The 2015 Canadian Championship (officially the Amway Canadian Championship for sponsorship reasons) was a soccer tournament hosted and organized by the Canadian Soccer Association. It was the eighth edition of the annual Canadian Championship, and took place in the cities of Edmonton, Montreal, Ottawa, Toronto and Vancouver in 2015. The participating teams were Ottawa Fury FC and FC Edmonton of the North American Soccer League, the second-level of the Canadian Soccer Pyramid, and Montreal Impact, Toronto FC and Vancouver Whitecaps FC of Major League Soccer, the first-level of Canadian club soccer. Montreal Impact were the two-time defending champions.

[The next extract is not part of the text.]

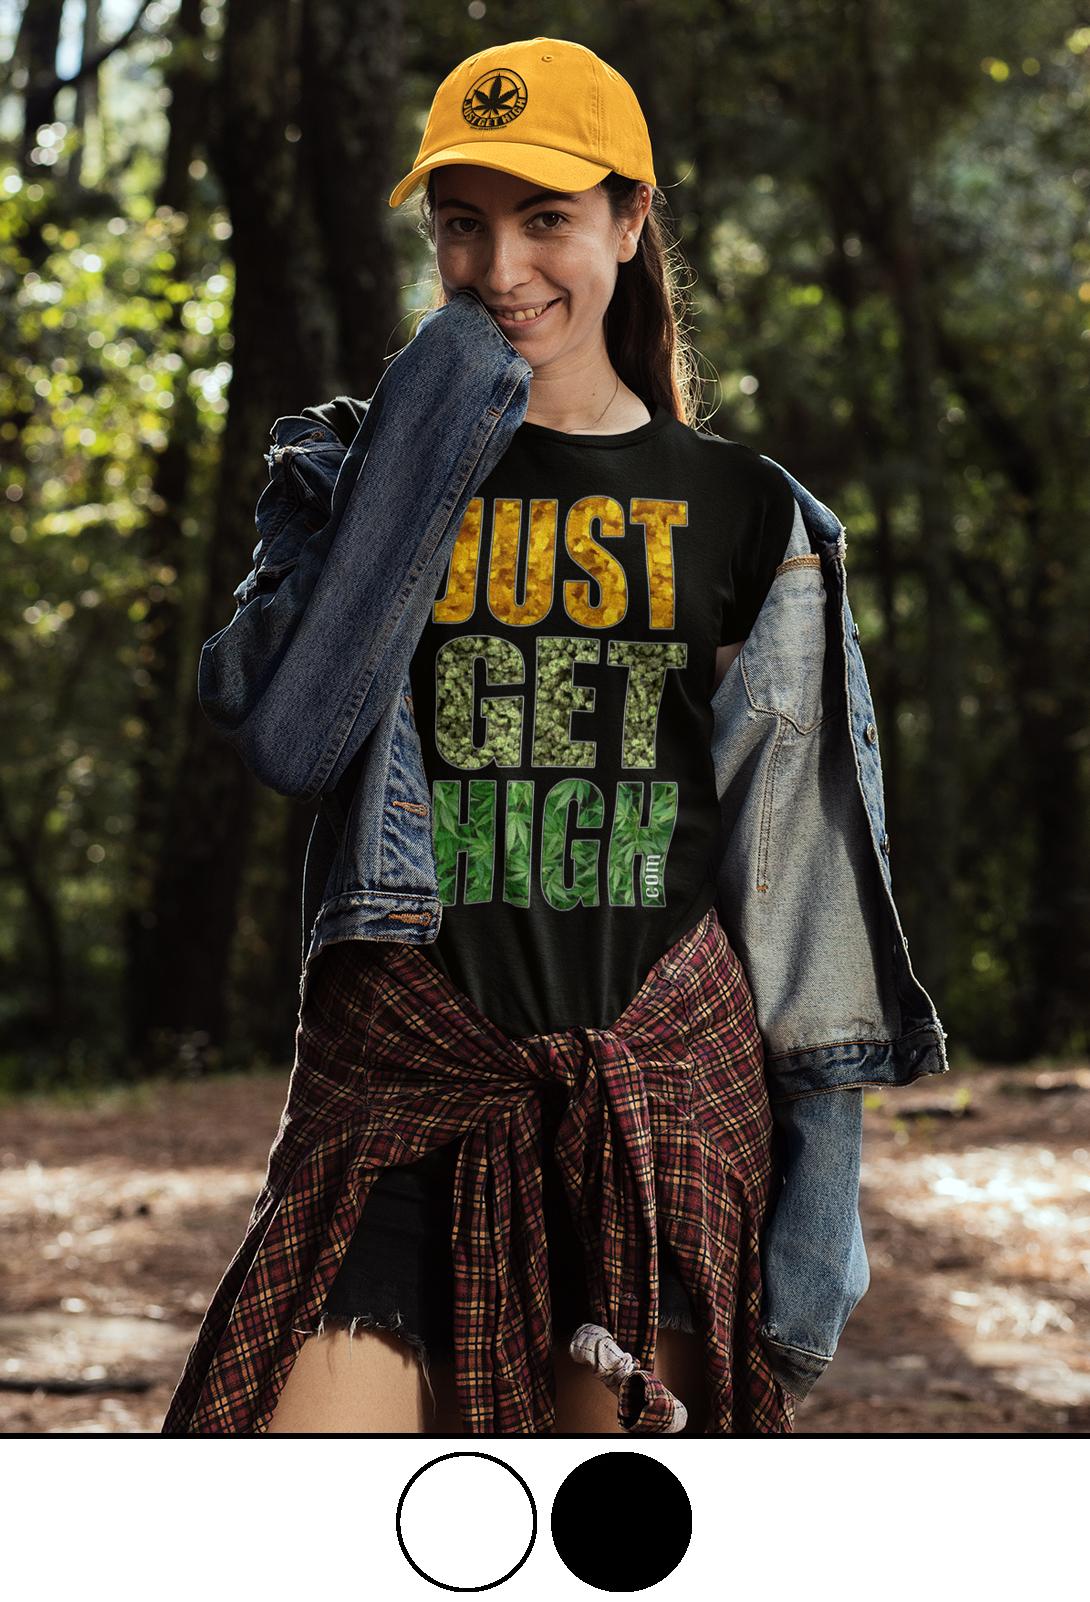 dab nug leaf_just get high_model

The winner, Vancouver Whitecaps FC, were awarded the Voyageurs Cup and will become Canada's entry into the Group Stage of the 2016–17 CONCACAF Champions League. This is a permanent change from procedure used in the past, where the Canadian Champion qualified for the CONCACAF Champions League beginning the same year (in this case, 2015–16).

The tournament moved to an April–August timeframe from its usual April–June timeframe to accommodate the schedule of the 2015 FIFA Women's World Cup held in Canada. It was permanently moved to a June/July timeframe in 2016.

Qualified teams

Bracket 

The three Major League Soccer and two NASL Canadian clubs are seeded according to their final position in 2014 league play, with both NASL clubs playing in the preliminary round, the winner of which advance to the semifinals.

All rounds of the competition are played via a two-leg home-and-away knock-out format. The higher seeded team has the option of deciding which leg it played at home. The team that scores the greater aggregate of goals in the two matches advances. Vancouver Whitecaps FC, was declared champion and earned the right to represent Canada in the 2016–17 CONCACAF Champions League.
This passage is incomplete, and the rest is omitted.